AAPA further notes that foreign hosts rent IP addresses from outside ASN registered territory, while operating servers in the UK, EU and US. This topic warrants an article on its own, but AAPA’s example—an operation with a RYP ASN, headquarters in Hong Kong, Seychelles IP addresses, and leased servers in the Netherlands—suggests significant challenges.
DMCA notices are ignored
Another alleged characteristic of foreign hosts is their tendency to absorb DMCA notices rather than do much about them. An AAPA slide provides an example of how this feature is marketed to potential customers, and while they don’t mention the service by name, it wasn’t hard to find.
An operation known as Koddos appears on the recent counterfeiting and piracy watchlist published by the European Commission. According to the report, it has “office locations in Hong Kong (China) and Seychelles. It is reported by rights holders to consistently ignore their takedown notices.”

So how do foreign hosting providers manage to fend off DMCA notices when other platforms are expected to respond quickly, or else? The answer to that is relatively simple once a few terms are understood.
DMCA > RIR > LIR > ASN > AS > Hosts
The Internet is not just a network, it is a network of networks. Some very large Internet networks (or groups of networks) are labeled Autonomous System (AS) because they serve the same assigned IP addresses and share a common list of other autonomous systems to which they connect.
IANA, the Internet Assigned Numbers Authority, assigns an ASN (Autonomous System Number) to an AS so that it can be identified online. Cloudflare’s ‘post office’ analogy explains the system perfectly.
“Imagine that an AS is like a town’s post office. Mail goes from post office to post office until it reaches the correct town, and that town’s post office will then deliver the mail within that town. Similarly, data packets traverse the Internet by hopping from AS to AS until they reach the AS containing their destination Internet Protocol (IP) address. Routers within that AS forward the packet to the IP address,” the company explains.

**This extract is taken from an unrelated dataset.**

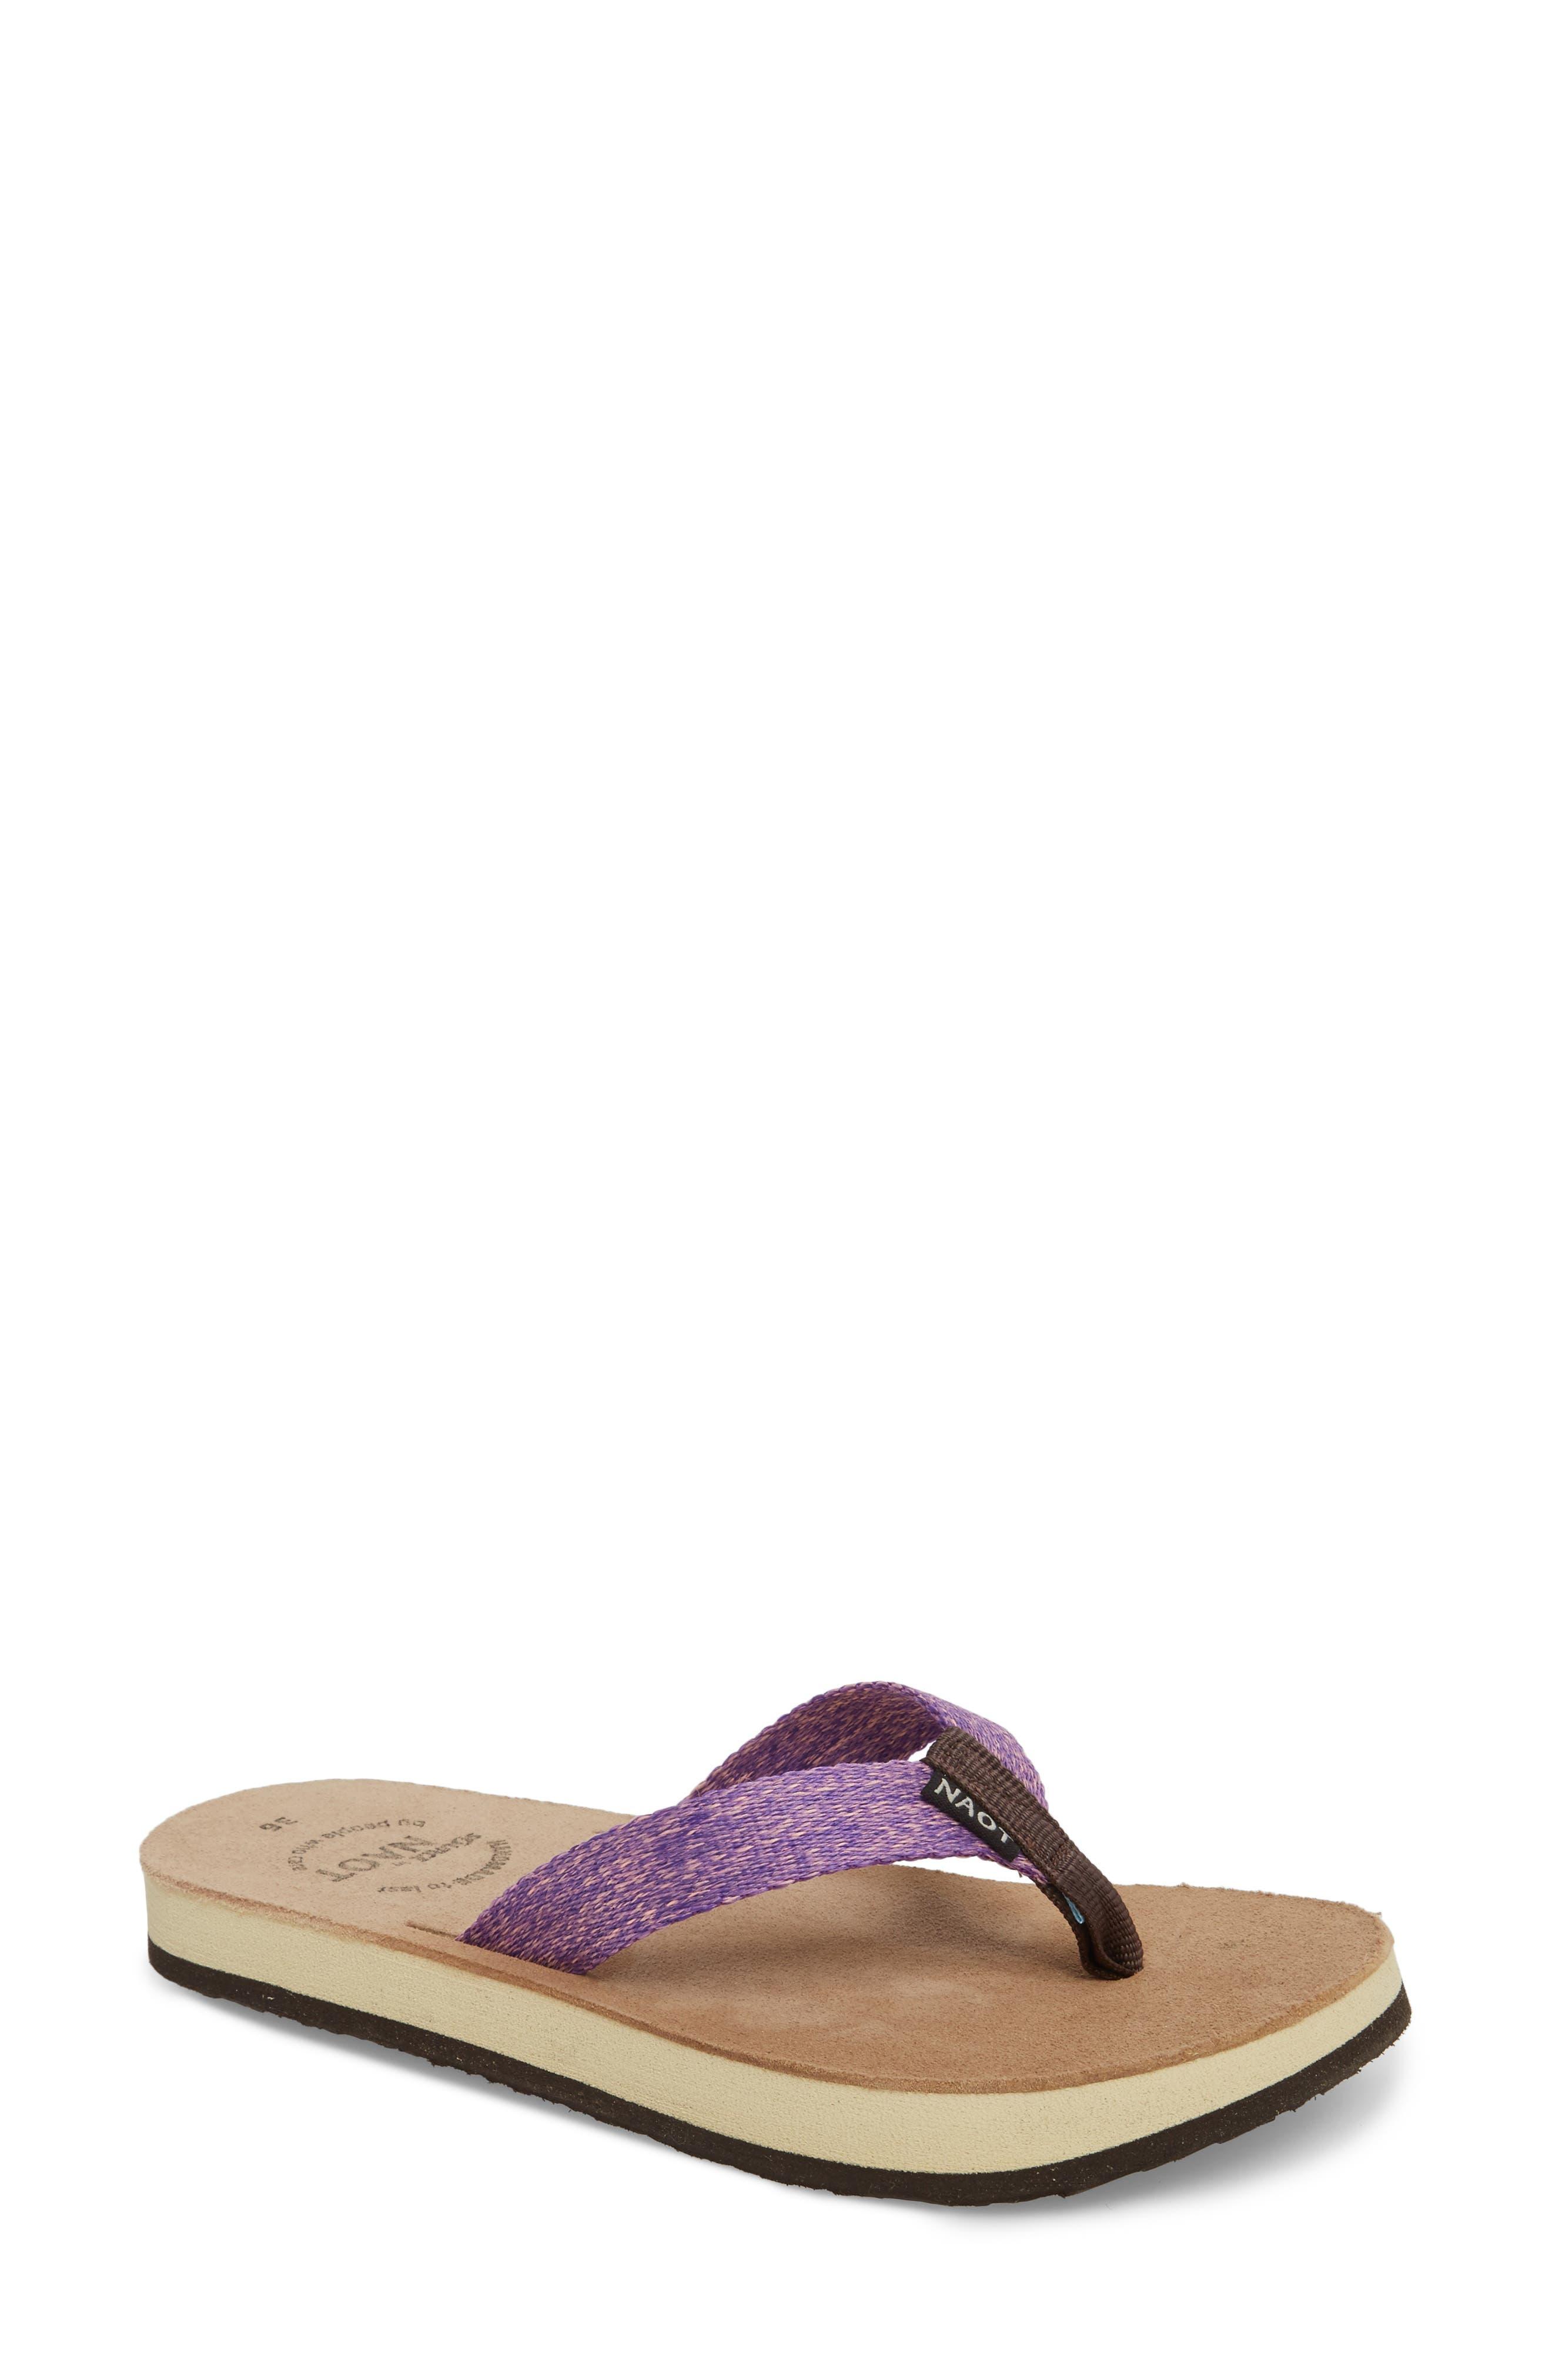 Island Flip Flop,                             Main thumbnail 1, color,                             Purple Lilac Fabric

With respect to foreign hosts, AAPA’s example sees ‘host company 1’ apply for an ASN number via a Local Internet Registry (LIR), which in turn is a member of a Regional Internet Registry (RIR).
Once the ASN is assigned to Host Company 1, it shares the same ASN with Host Company 2, and Host Company 3….and Host Company 4. From there, they work as a team, behind a single ASN, as AAPA’s presentation shows.

The real sting here is that any DMCA notices must be sent to the email addresses registered with the RIR and they have a tendency to go unanswered. Physical addresses registered with the companies are “fakes or PO boxes,” AAPA says, meaning it can be difficult or even impossible to identify who owns them.
From an enforcement perspective, this is less than ideal. AAPA reports that during the first six months of the football season, only 10% of DMCA notices sent to one foreign hosting company were acted upon.
“There is no policy on repeat offences. Outreach is ignored and legal action cannot be taken because no one knows where this company is or who the owners are. One company hosts nearly 50% of a broadcaster’s infringing streams,” AAPA’s presentation reads.
Whether anything can be achieved in the short term is unknown, but by making the presentation and “call to action” at the Internet Governance Forum, which operates under a United Nations mandate (pdf)the chances of connecting with powerful ears seem relatively high.
If nothing else, an anti-piracy group making it so far into “enemy” territory, trying to disrupt ASNs rather than simple IP addresses, adds a new dimension to this evolving battle.